Uploaded image for project: 'Debezium'
  1. Debezium
  2. DBZ-7616

Provide query timeout property to avoid indefinitely hangs during queries

XMLWordPrintable

    • Critical

      What Debezium connector do you use and what version?

      MySQL 2.4.0

      What is the connector configuration?

      ```

      ...
          include.schema.changes: true
          incremental.snapshot.chunk.size: 10240
      ...
          max.batch.size: 40960
          max.queue.size: 81920
          message.key.columns: redacted.my_problem_table:customer_id,field_id
          offset.flush.timeout.ms: 60000
          offset.flush.interval.ms: 10000
          read.only: true
      ...
          signal.consumer.sasl.jaas.config: "redacted"
          signal.consumer.sasl.mechanism: SCRAM-SHA-512
          signal.consumer.security.protocol: SASL_SSL
          signal.data.collection: redacted.debezium_signal
          signal.kafka.bootstrap.servers: strimzi-kafka-bootstrap.staging.redacted.com:9096
          signal.kafka.topic: debezium.sdlc-redacted-pxc.redacted.debezium_signal
      ...
          topic.creation.groups: my_problem_table
          topic.creation.my_problem_table.include: debezium.sdlc-redacted-pxc.redacted.my_problem_table
          topic.creation.my_problem_table.delete.retention.ms: 604800000 # 1 week deletion retention on tombstones
          topic.creation.my_problem_table.cleanup.policy: compact
          topic.creation.my_problem_table.partitions: 36
          topic.creation.my_problem_table.unclean.leader.election.enable: false

      ```

      What is the captured database version and mode of depoyment?
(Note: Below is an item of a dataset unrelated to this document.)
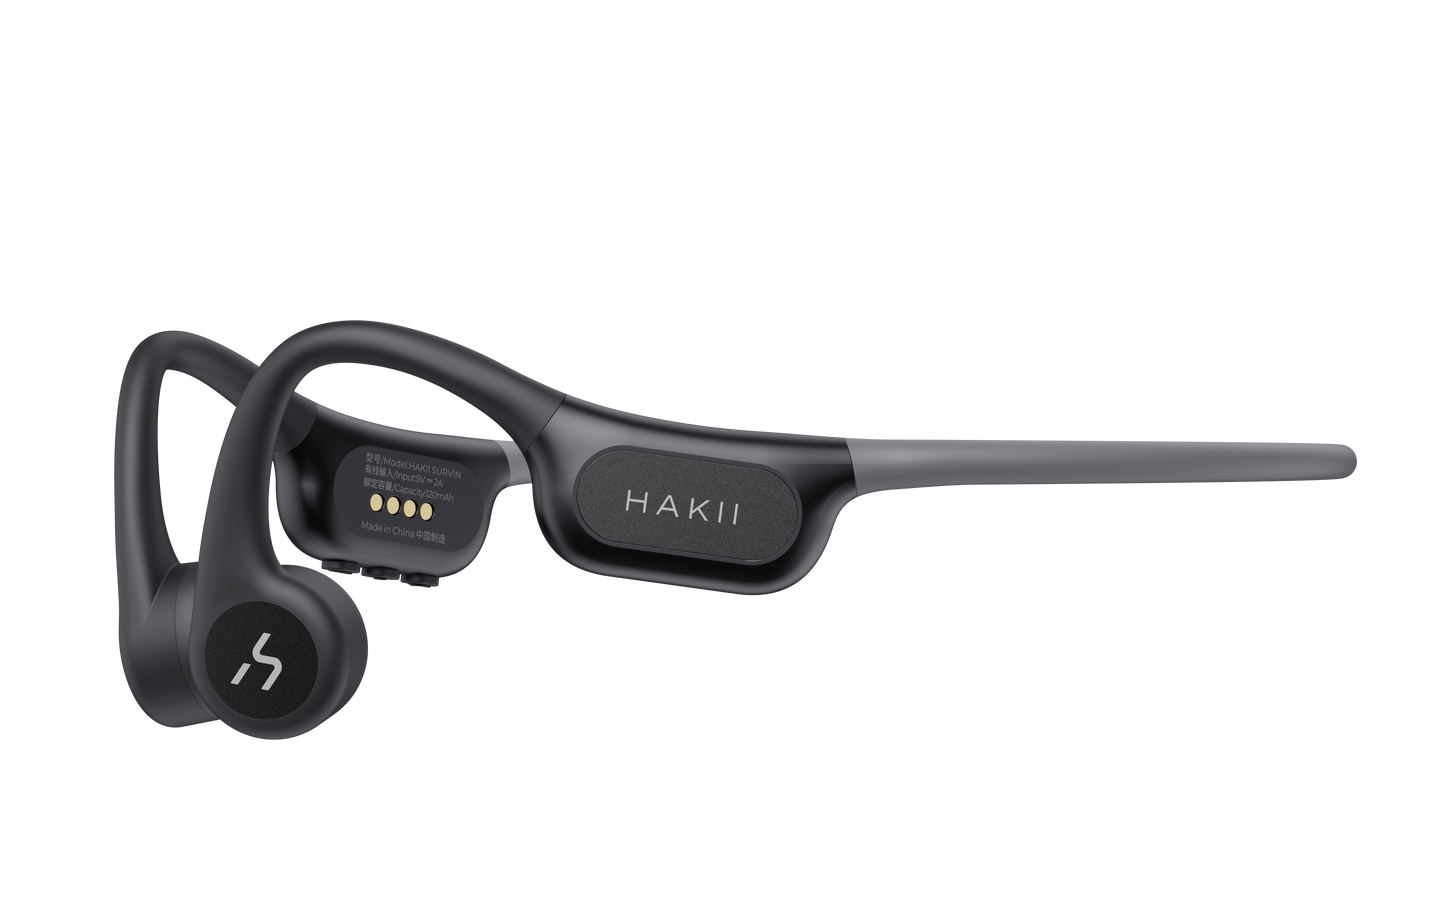 HAKII SURVIN Wireless & Mp3 Sports Earphones

      MySQL 8.0 Percona XtraDB (PXC) cluster

      What behaviour do you expect?

      If the `SELECT * ... LIMIT 1` query takes longer than it should, the connector should fail gracefully and report the failure in the logs.

      What behaviour do you see?

      The connector seems to continue to wait indefinitely. After a couple of minutes the connector will log a Keepalive INFO log that it lost connection. The query hangs and doesn't return.

      The `SELECT` statement that comes through shows it has `message.key.columns` out of order:

      ```

      SELECT * FROM redacted.my_problem_table ORDER BY field_id DESC, customer_id DESC LIMIT 1

      ```

      No other signals make it into the topic, making the snapshot impossible to stop. I have TRACE logging enabled and there's nothing in them that might give a clue as to what the connector is trying to do. An indefinite amount of time will pass, and eventually the signals will all come through to the topic, and from then on, the latest signal will log every two hours. This doesn't seem to trigger additional snapshots, but I'm guessing it's also not expected.

      Do you see the same behaviour using the latest relesead Debezium version?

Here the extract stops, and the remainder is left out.